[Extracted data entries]
--

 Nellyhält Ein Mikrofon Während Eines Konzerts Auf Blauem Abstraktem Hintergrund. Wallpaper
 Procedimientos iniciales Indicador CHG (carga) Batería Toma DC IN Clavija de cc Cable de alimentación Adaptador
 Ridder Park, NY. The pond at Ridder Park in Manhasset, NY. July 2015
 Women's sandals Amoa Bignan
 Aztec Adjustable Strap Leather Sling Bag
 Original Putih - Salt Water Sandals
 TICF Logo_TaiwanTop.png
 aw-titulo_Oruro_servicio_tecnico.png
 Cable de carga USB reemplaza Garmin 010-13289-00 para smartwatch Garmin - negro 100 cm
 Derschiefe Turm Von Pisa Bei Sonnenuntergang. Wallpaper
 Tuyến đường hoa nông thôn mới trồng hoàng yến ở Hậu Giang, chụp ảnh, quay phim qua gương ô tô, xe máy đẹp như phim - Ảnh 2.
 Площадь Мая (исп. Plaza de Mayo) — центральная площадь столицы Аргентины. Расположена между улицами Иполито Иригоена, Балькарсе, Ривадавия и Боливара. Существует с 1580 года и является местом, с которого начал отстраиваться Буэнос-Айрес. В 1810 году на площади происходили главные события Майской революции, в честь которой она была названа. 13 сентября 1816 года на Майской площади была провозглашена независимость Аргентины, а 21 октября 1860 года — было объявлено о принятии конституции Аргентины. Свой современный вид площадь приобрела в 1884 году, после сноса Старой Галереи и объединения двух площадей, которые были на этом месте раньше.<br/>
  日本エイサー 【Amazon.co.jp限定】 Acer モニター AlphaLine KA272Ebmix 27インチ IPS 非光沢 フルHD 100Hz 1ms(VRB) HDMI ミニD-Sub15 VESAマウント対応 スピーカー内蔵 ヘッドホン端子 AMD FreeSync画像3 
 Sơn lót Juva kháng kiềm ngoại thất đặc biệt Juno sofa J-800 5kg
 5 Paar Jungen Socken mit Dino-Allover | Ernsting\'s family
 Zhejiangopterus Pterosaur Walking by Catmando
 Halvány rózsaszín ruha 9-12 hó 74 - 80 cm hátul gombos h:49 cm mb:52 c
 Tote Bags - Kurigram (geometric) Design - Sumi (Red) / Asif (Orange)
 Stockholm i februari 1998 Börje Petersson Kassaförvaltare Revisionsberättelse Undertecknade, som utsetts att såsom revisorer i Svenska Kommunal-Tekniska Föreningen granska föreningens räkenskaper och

--

Task prompt
Work out the number of lines in the records containing the word "Cable". Write only that number.

Solution below
2